Log analysis shows that PubMed users frequently use author names in queries for retrieving scientific literature. However, author name ambiguity may lead to irrelevant retrieval results. To improve the PubMed user experience with author name queries, we designed an author name disambiguation system consisting of similarity estimation and agglomerative clustering. A machine-learning method was employed to score the features for disambiguating a pair of papers with ambiguous names. These features enable the computation of pairwise similarity scores to estimate the probability of a pair of papers belonging to the same author, which drives an agglomerative clustering algorithm regulated by 2 factors: name compatibility and probability level. With transitivity violation correction, high precision author clustering is achieved by focusing on minimizing false-positive pairing. Disambiguation performance is evaluated with manual verification of random samples of pairs from clustering results.
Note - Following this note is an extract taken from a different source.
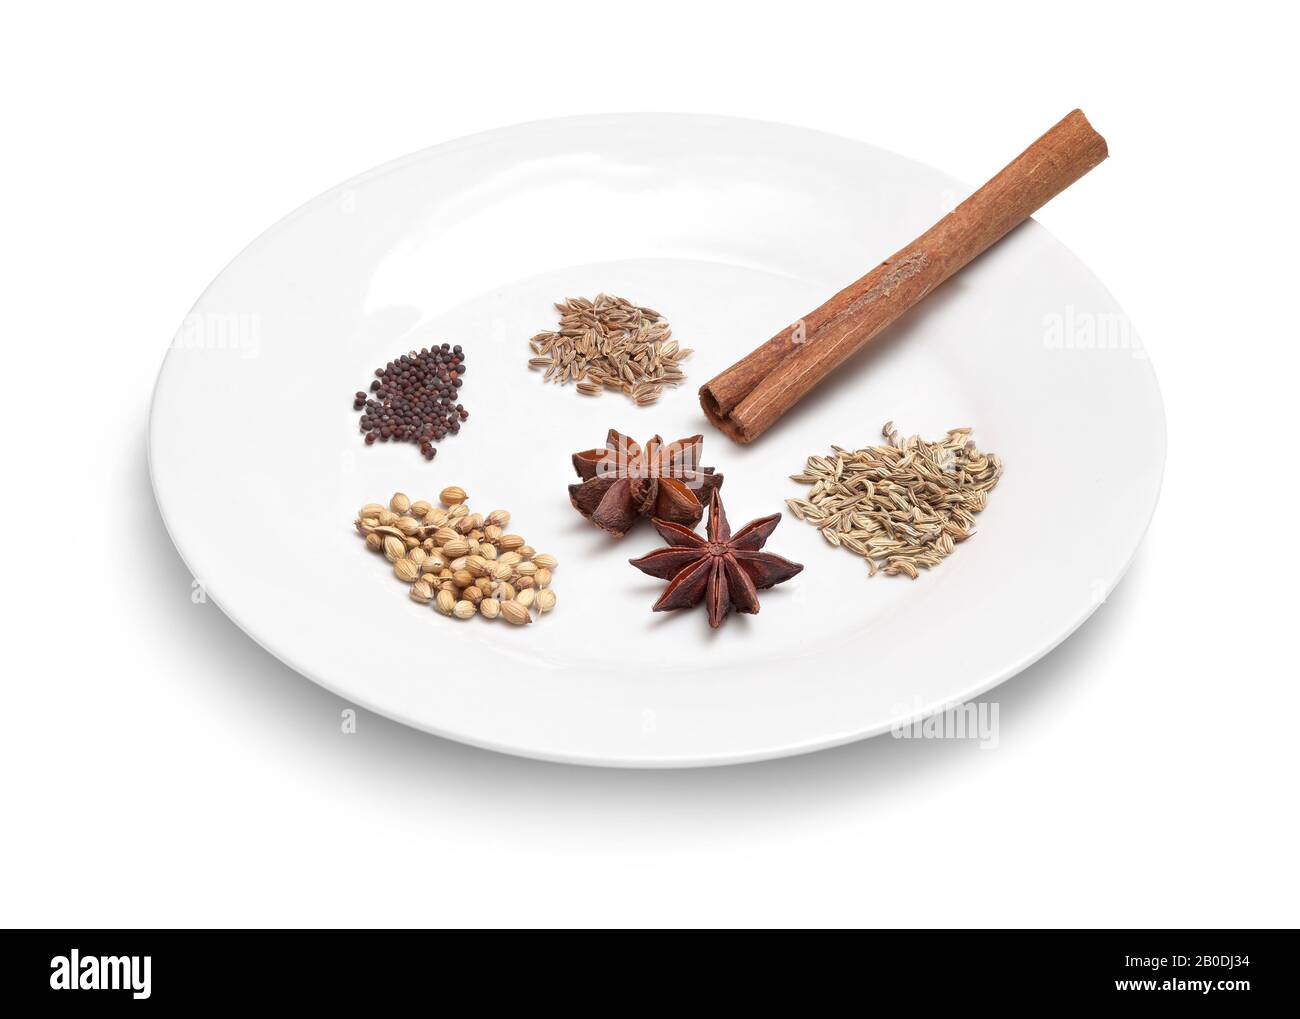 Eine kleine Auswahl an beliebten Gewürzen auf einem weißen Teller, Fenchelsamen, Kreuzkümmelsamen, Sternanis, Senfsamen, Zimtrinde Stockfoto

When compared with a state-of-the-art system, our evaluation shows that among all the pairs the lumping error rate drops from 10.1% to 2.2% for our system, while the splitting error rises from 1.8% to 7.7%. This results in an overall error rate of 9.9%, compared with 11.9% for the state-of-the-art method. Other evaluations based on gold standard data also show the increase in accuracy of our clustering. We attribute the performance improvement to the machine-learning method driven by a large-scale training set and the clustering algorithm regulated by a name compatibility scheme preferring precision. With integration of the author name disambiguation system into the PubMed search engine, the overall click-through-rate of PubMed users on author name query results improved from 34.9% to 36.9%.

Citing Articles

Author name disambiguation based on heterogeneous graph neural network.

Wang G, Sun Z, Hu W, Cai M PLoS One. 2025; 20(2):e0310992.

PMID: 40009590 PMC: 11864548. DOI: 10.1371/journal.pone.0310992.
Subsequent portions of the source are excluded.